Primer and probe gene identification and sequences

A second series of mice used for LTIH gene responses were gp91phox−/− and gp91phox+/+ mice exposed to either sham LTIH or LTIH for proinflammatory responses. To run real-time for four genes on the same sample, we used macrodissections (1-mm3 punches) of selected brain regions (n = 6–12 mice/strain/LTIH condition) from the following areas: frontal cortex, lateral basal forebrain, CA1 hippocampus, lateral hypothalamus, and medial septum, using the primer/probe sets for p67phox, cyclooxygenase 2 (COX-2), tumor necrosis factor α (TNF-α), and iNOS, as listed in Table 1.
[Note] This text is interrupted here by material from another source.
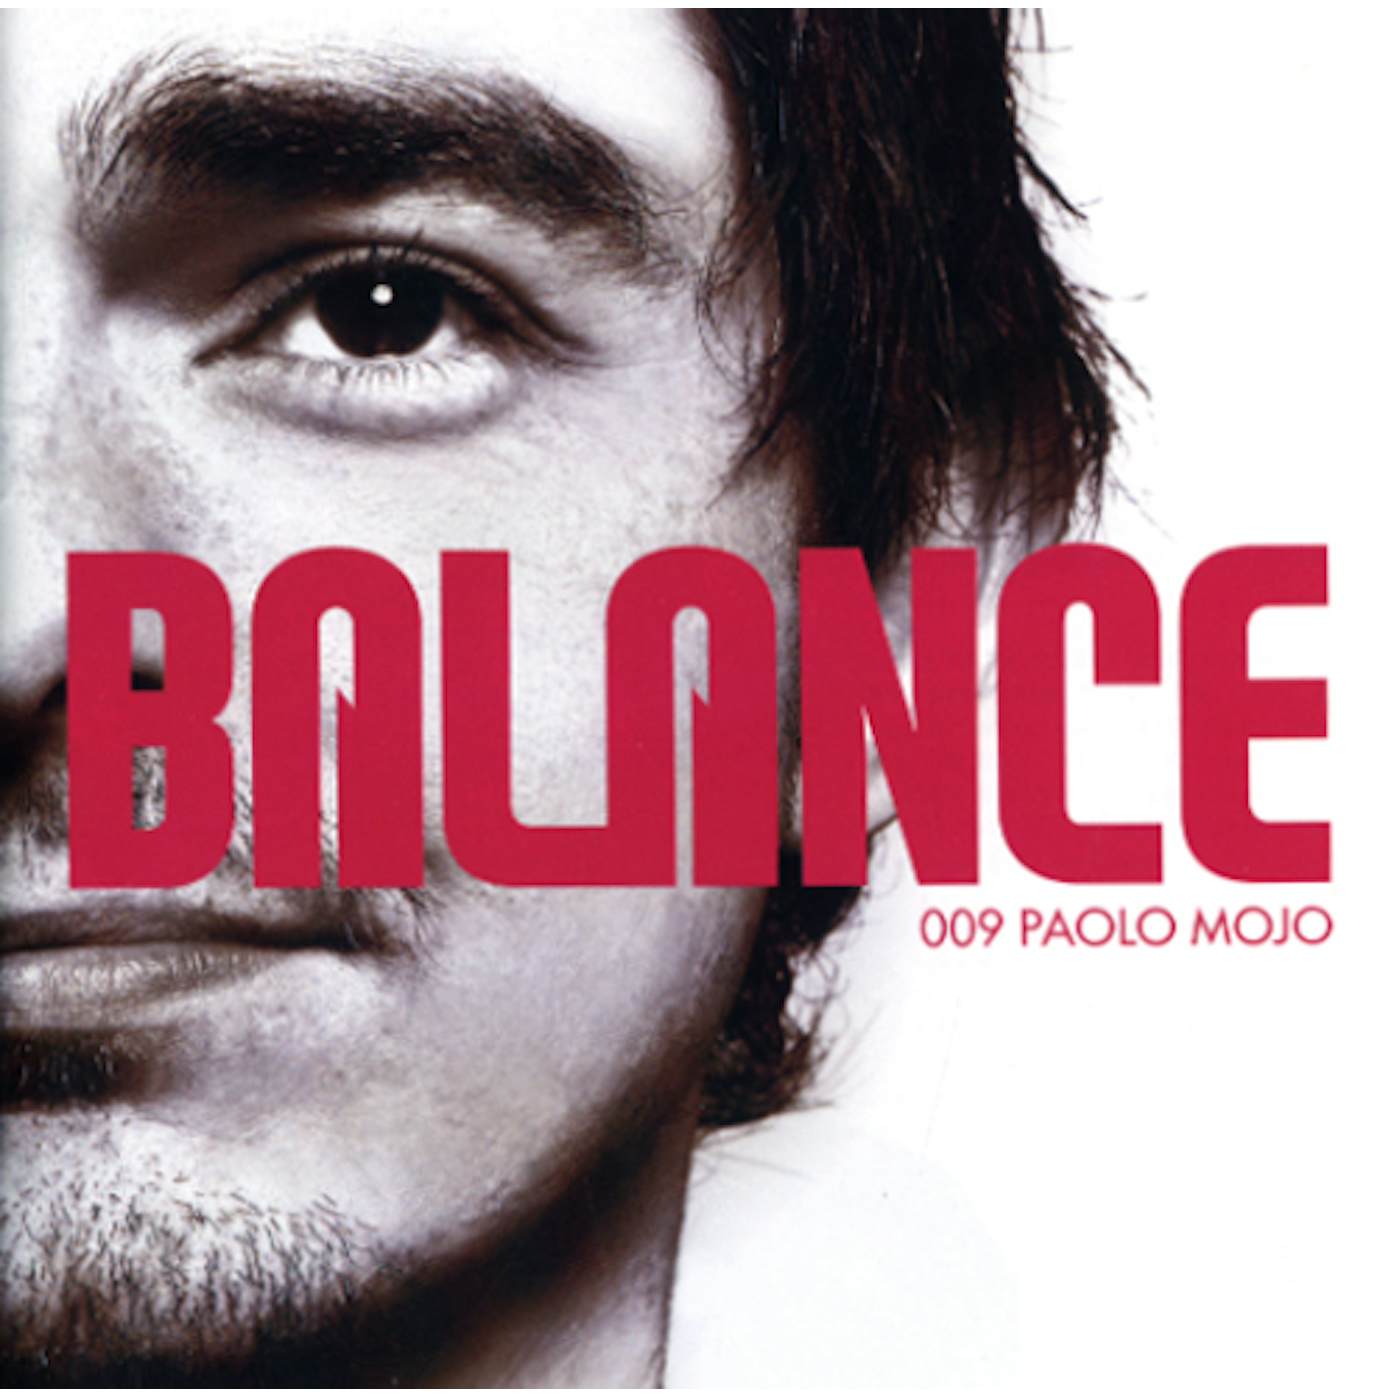 Paolo Mojo BALANCE 009 CD

To determine if NADPH oxidase inhibition would also prevent LTIH gene responses, a third series of mice examined for gene responses were WT mice treated systemically throughout LTIH or sham LTIH with 3 mg/kg/day apocynin (Sigma-Aldrich, St. Louis, MO) in dimethyl sulfoxide (DMSO), DMSO, or PBS delivered subcutaneously (n = 10/group) by way of microosmotic pump (1002; Durect, Cupertino, CA). Apocynin was selected over diphenylene iodinium, because the latter also inhibits NOS, xanthine oxidase, and other flavoenzymes (26, 27); and DMSO vehicle groups were included in the study and compared with saline pumps, because this hydrophobic diluent has hydroxyl scavenging activity and thus some neuroprotective effect in ischemic reperfusion studies (28).

Immunoreactivity to p47phox and p67phox in Wake-Active Regions

Cytosolic and membrane/organelle fractions in WT mice exposed to LTIH or sham LTIH but not allowed normoxia recovery (n = 5/condition) were separated using 100,000G × 60 minutes (19, 20). Polyclonal rabbit antimouse p47phox and p67phox (1:500; Upstate, Lake Placid, NY) added to homogenates were bound by a horseradish peroxidase–conjugated secondary anti-IgG (1:15,000, catalog #12-349; Upstate) and detected with chemiluminescence (SuperSignal Ultra; Pierce, Rockford, IL). Images were analyzed with NIH Image Analysis. Preliminary trials showed weak immunoreactivity 2 weeks into recovery.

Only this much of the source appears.